On the first line of each test cases is an integer N (N <= 1000), telling you that there are N words that love8909 wants to remember. Then comes N lines. Each of the following N lines has this format: word type. Word will be a string with only ‘a’~’z’, and type will be 0(not meaningful when reversed) or 1(meaningful when reversed). The length of each word is guaranteed to be less than 20.
Output The format of the output is like “Case t: s”, t is the number of the test cases, starting from 1, and s is a string.
For each test case, if love8909 can remember all the words, s will be “Well done!”, otherwise it’s “Poor boy!”
Sample Input 3 6 aloha 0 arachnid 0 dog 0 gopher 0 tar 1 tiger 0 3 thee 1 earn 0 nothing 0 2 pat 1 acm 0
Sample Output Case 1: Well done! Case 2: Well done! Case 3: Poor boy!

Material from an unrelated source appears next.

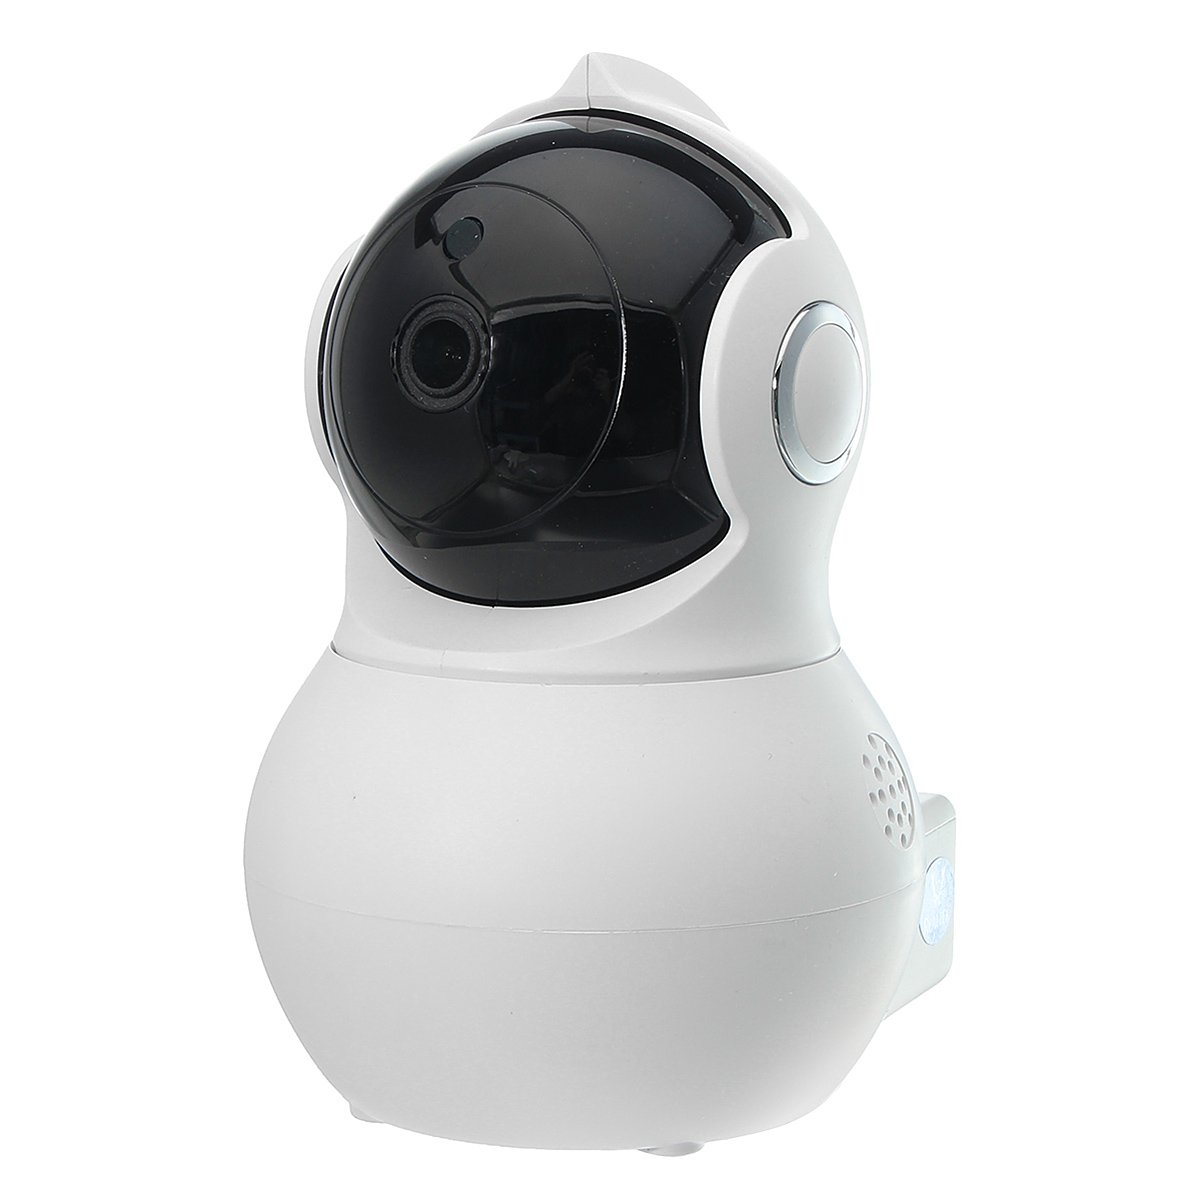 Q8 Home Security 1080P HD IP Camrea Wireless Smart WI-FI Audio CCTV Camera Webcam 2

Hint In the first case, the word “tar” is still meaningful when reversed, and love8909 can make a list as “aloha-arachnid-dog-gopher-rat-tiger”. In the second case, the word “thee” is still meaningful when reversed, and love8909 can make a list as “thee-earn-nothing”. In the third case, no lists can be created.
Author allenlowesy
Source
2010 ACM-ICPC Multi-University Training Contest(4)——Host by UESTC
几乎就是模板题了。
先要判断连通。
然后转化成网络流判断欧拉回路。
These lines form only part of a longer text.